Çalışma, üç yıldan daha uzun bir süre en az 10 mg / gün doksepin, dört mg / gün difenhidramin veya beş mg / gün oksibutinin alan kişilerin demans gelişimi için daha büyük risk altında olacağını tahmin ediyor.

Gray, söz konusu ikamelerin ilk ikisi için mevcut: depresyon için sitalopram (Celexa) veya fluoksiten (Prozac) gibi seçici bir serotonin geri alım inhibitörü (SSRI) ve alerjiler için loratadin (Claritin) gibi ikinci nesil bir antihistamin. İdrar kaçırma için alternatif ilaçlar bulmak daha zordur, ancak bazı davranış değişiklikleri bu sorunu azaltabilir.
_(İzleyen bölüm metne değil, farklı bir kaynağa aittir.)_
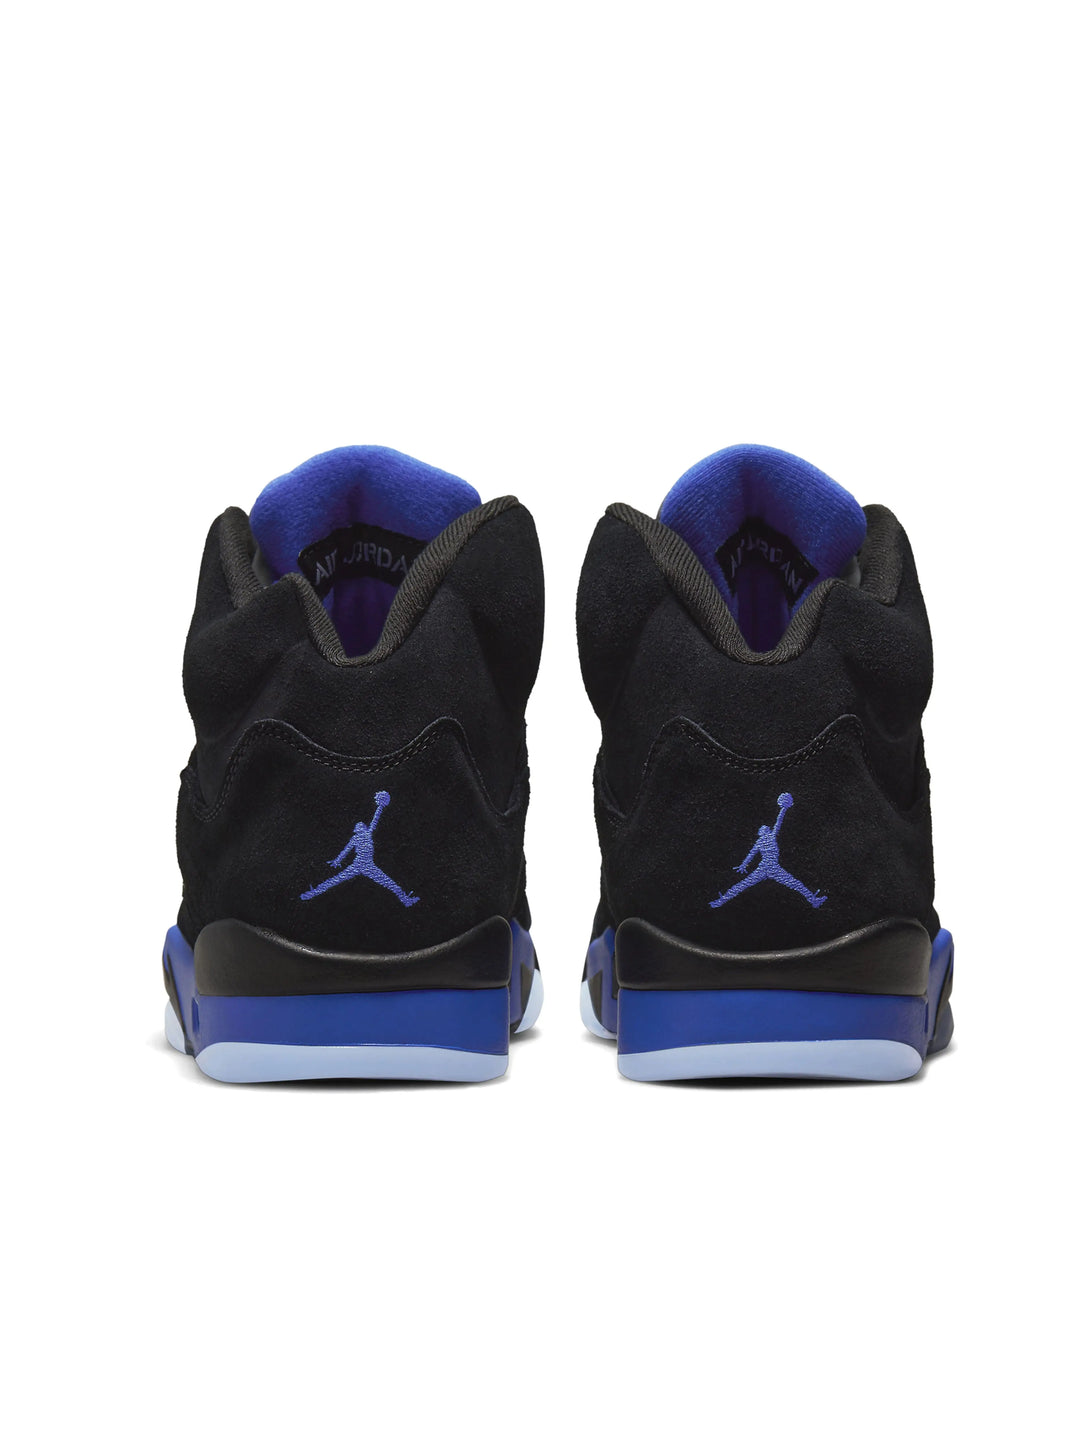 Nike Air Jordan 5 Retro Racer Blue (2022) Prior

Gray, "Sağlayıcılar, hastaları için en iyi tedavi olduğu için antikolinerjik etkileri olan bir ilaç yazmaları gerekiyorsa," dedi, "Etkili en düşük dozu kullanmalı, çalıştığından emin olmak için tedaviyi düzenli olarak izlemeli ve etkisiz ise tedaviyi durdurmalıdır. . "

Antikolinerjik etkiler, bazı ilaçların beyindeki ve vücuttaki asetilkolin adı verilen nörotransmitteri bloke etmesinden kaynaklanıyor. Bu, uyuşukluk, boğaz ağrısı, idrar tutma, ağız ve göz kuruluğu gibi birçok yan etkiye neden olabilir.

Ortak yazar Eric B. Larson, M.D., M.P.H. "Yıllardır binlerce hasta hakkında ayrıntılı bilgi içeren ACT çalışması, demans gibi durumlar için risk faktörlerini araştırmak için yaşayan bir laboratuvardır" dedi.

"Bu son çalışma, bu çalışmanın en iyi örneğidir ve ilaç alan insanlar ve yaşlı hastalar için ilaç reçetesi yazanlar için önemli çıkarımlara sahiptir."

Bazı ACT katılımcıları, beyinlerinin öldükten sonra otopsiye tabi tutulmasını kabul ettiğinden, araştırmacılar gelecekte ilaçların etkileri hakkında daha fazla bilgi edinmeyi umuyorlar. Bu, antikolinerjik ilaç alan katılımcıların beyinlerinde kullanmayanlara göre daha fazla Alzheimer ile ilgili patolojiye sahip olup olmadıklarını inceleyerek bu araştırmayı takip etmeyi mümkün kılacaktır.

Kaynak: Grup Sağlık Araştırma Enstitüsü / EurekAlert!